Reference library · Jazz deep dive

Jazz harmony essentials — the engine room

Six concepts cover ninety percent of what happens in a standard. Take them one at a time and the chord-symbol wall comes down.

1. The ii–V–I — the atom of jazz

In C: Dm7 → G7 → Cmaj7. The roots fall in fifths; inside the chords, the 7th of each resolves down a half-step to the 3rd of the next (C→B, F→E). That half-step fall is the "melt" you hear. Major-key version above; the minor-key version is Dm7♭5 → G7(♭9) → Cm — same engine, darker fuel. Standards are substantially chains of ii–Vs visiting different keys; learn to spot them as units and a sheet of changes becomes three or four sentences instead of thirty symbols.

2. Turnarounds

The jazz turnaround is I–VI–ii–V (C–A7–Dm7–G7): two beats each, landing you back at the top. Every variant is a substitution on that frame: iii–VI–ii–V (Em7 for C), or the half-step "Lady Bird" version I–♭III7–♭VImaj7–♭II7. Loop one for ten minutes and you'll recognise it in a hundred tunes.

3. Secondary dominants

Any chord can be preceded by its own V7 — that's the whole trick. The A7 in a C-major turnaround is "V of ii": it doesn't belong to C, it belongs to the Dm it's aiming at. The chord builder's secondary-dominants row is exactly this device; jazz simply uses it relentlessly.

4. Tritone substitution

Every dominant 7th shares its two crucial notes (the 3rd and 7th — the tritone) with the dominant a flattened fifth away: G7 and D♭7 both contain B and F. So either can resolve to C — and substituting D♭7 for G7 turns the bassline ii–V–I into a chromatic slide: D–D♭–C. That slinky half-step bass is one of the most recognisable sounds in jazz, and it's one substitution rule, applied everywhere.

5. The passing diminished

Between IV and the I/5 sits the ♯IV diminished (in B♭ blues: E♭7 → E°7 → B♭/F); between I and ii sits ♯I°7. Diminished chords are harmonic stairs — every note wants to step up. You met one in bar 6 of the jazz blues; gospel and Stevie Wonder run on the same stairs.
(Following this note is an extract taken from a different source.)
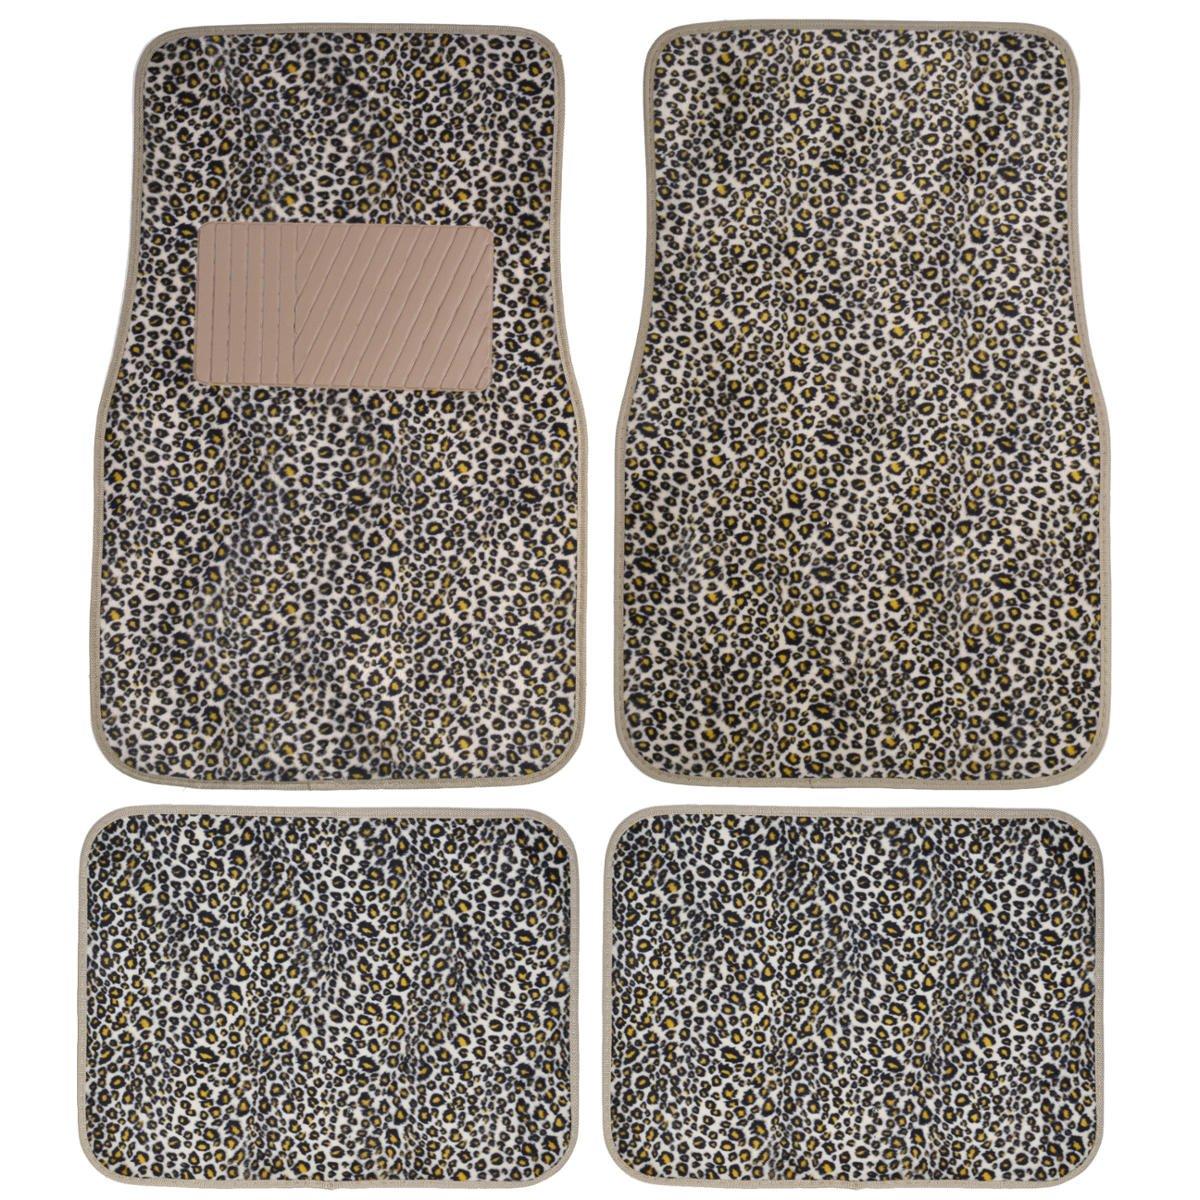 BDK Universal Fit 4-Piece Safari Animal Print Carpeted Mat - (Cheetah) MT-902-CT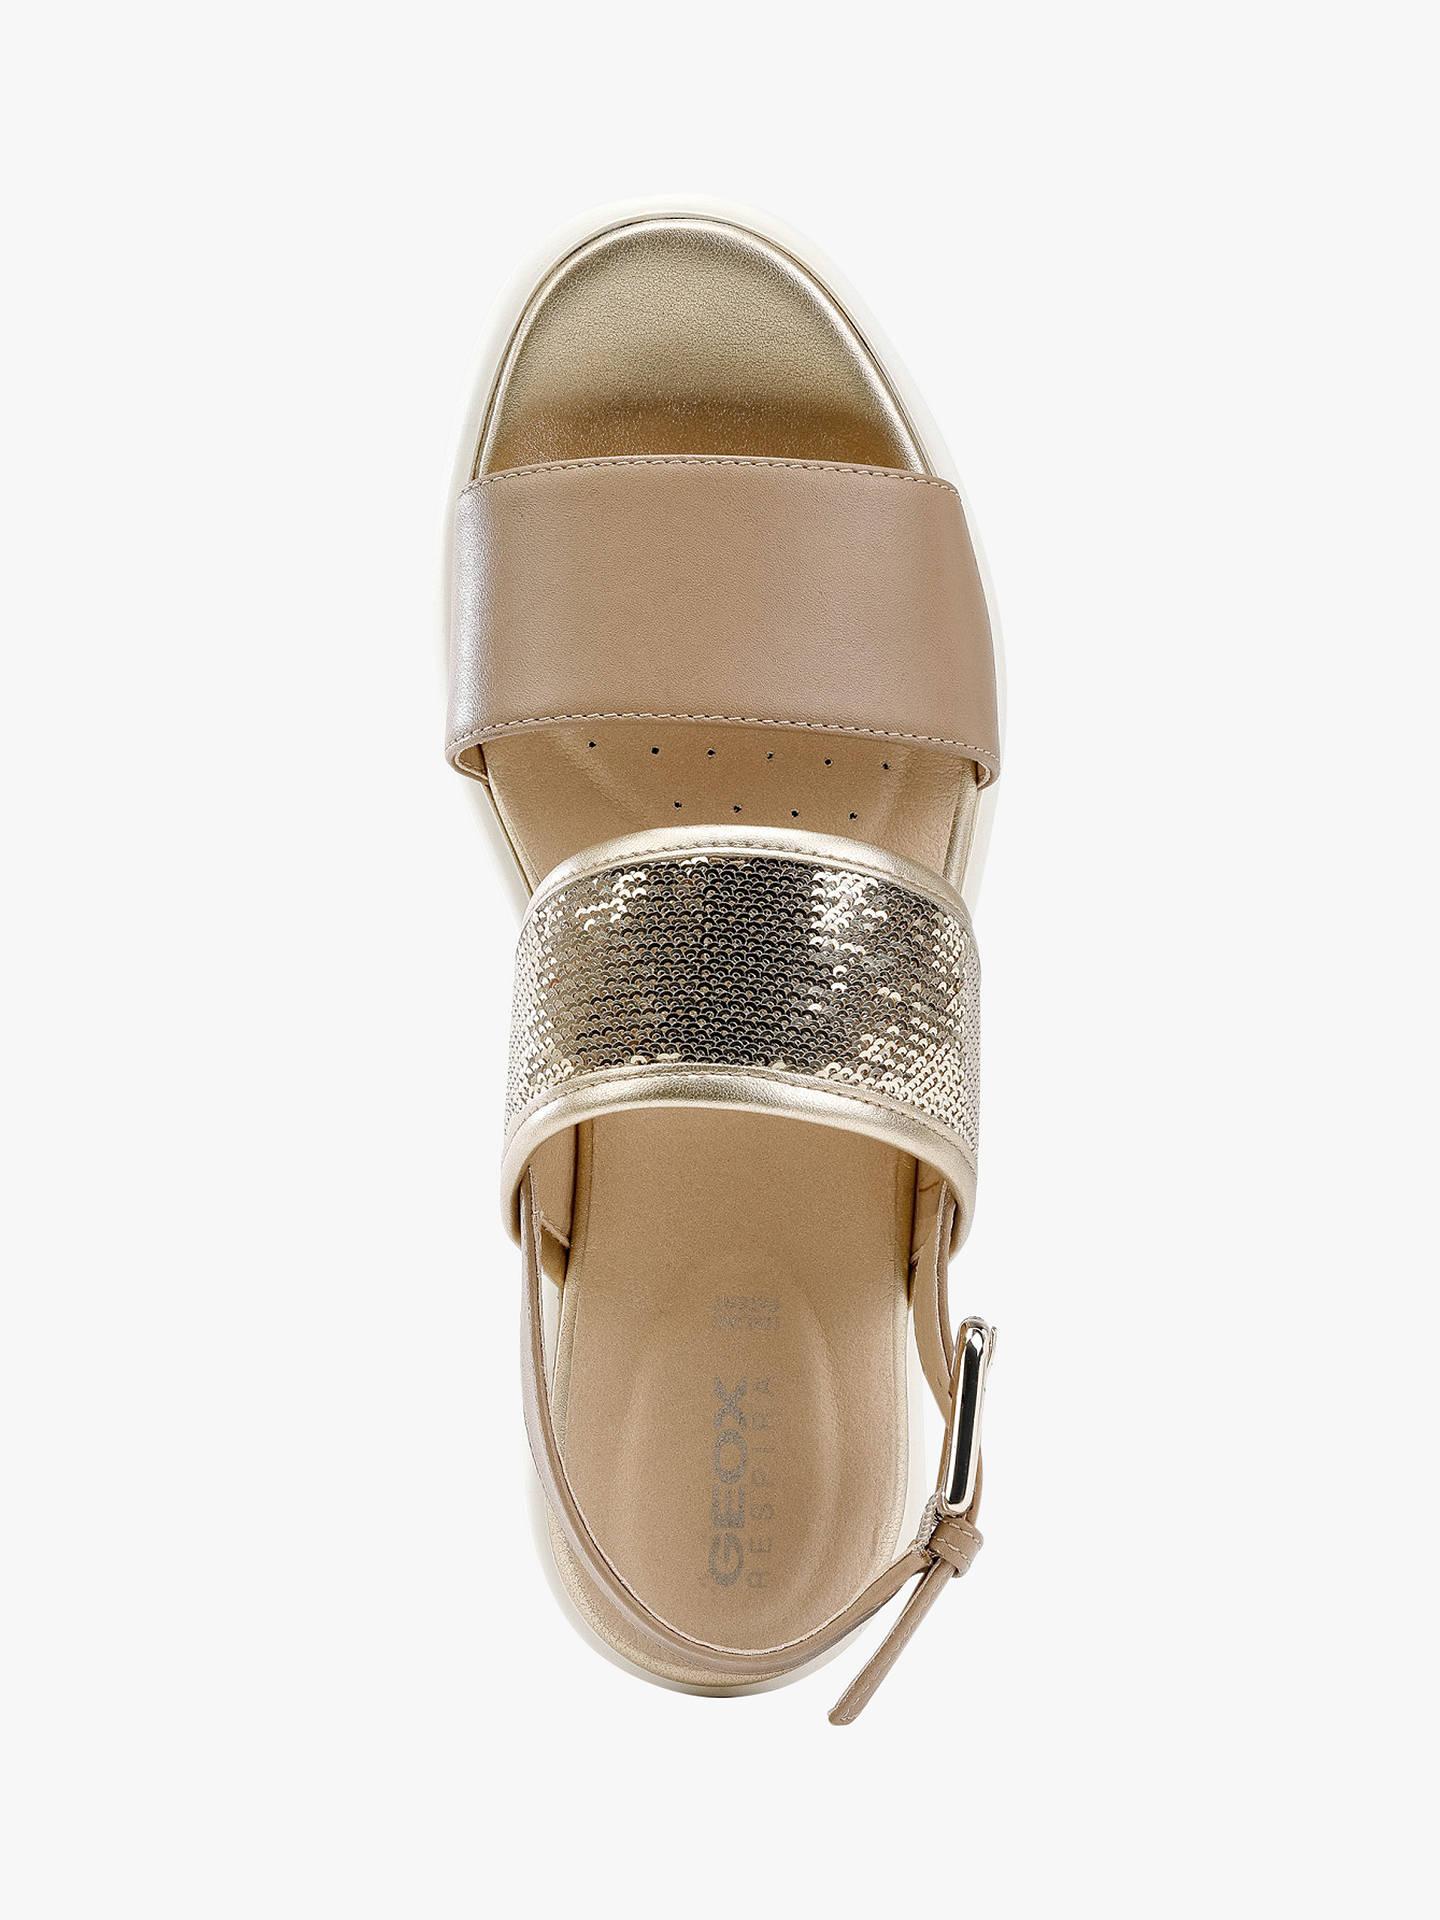 best cheap a602d 2eade Geox D Wimbley Double Strap Sandals, Taupe/Light Gold at ...

6. Shell voicings — how guitarists actually play this

Forget six-string grips. Jazz guitar comping is built on shells: root + 3rd + 7th, or just 3rd + 7th once a bassist owns the root. The 3rd and 7th define the chord's quality and contain all the voice-leading motion — and they sit under two fingers. Learn shells for ii–V–I in two positions and you can comp through most of the repertoire; add 9ths and 13ths on top later, as melody, not as furniture.

DeviceSoundHear it in
ii–V–IDm7 G7 Cmaj7Autumn Leaves (built from almost nothing else)
TurnaroundC A7 Dm7 G7I Got Rhythm A section, Blue Moon
Tritone subDm7 D♭7 Cmaj7The Girl from Ipanema (final cadence), Satin Doll's tail
Passing dim.E♭ E°7 B♭/FBar 6 of any jazz blues; This Masquerade
Minor ii–VDm7♭5 G7♭9 CmAutumn Leaves' second phrase, Blue Bossa
Tie-in: the builder's secondary dominants and borrowed-chord rows are these exact devices with training wheels. Build a plain I–vi–IV–V pop progression, then substitute: VI7 for vi, ♭II7 for V. Congratulations — you're reharmonising.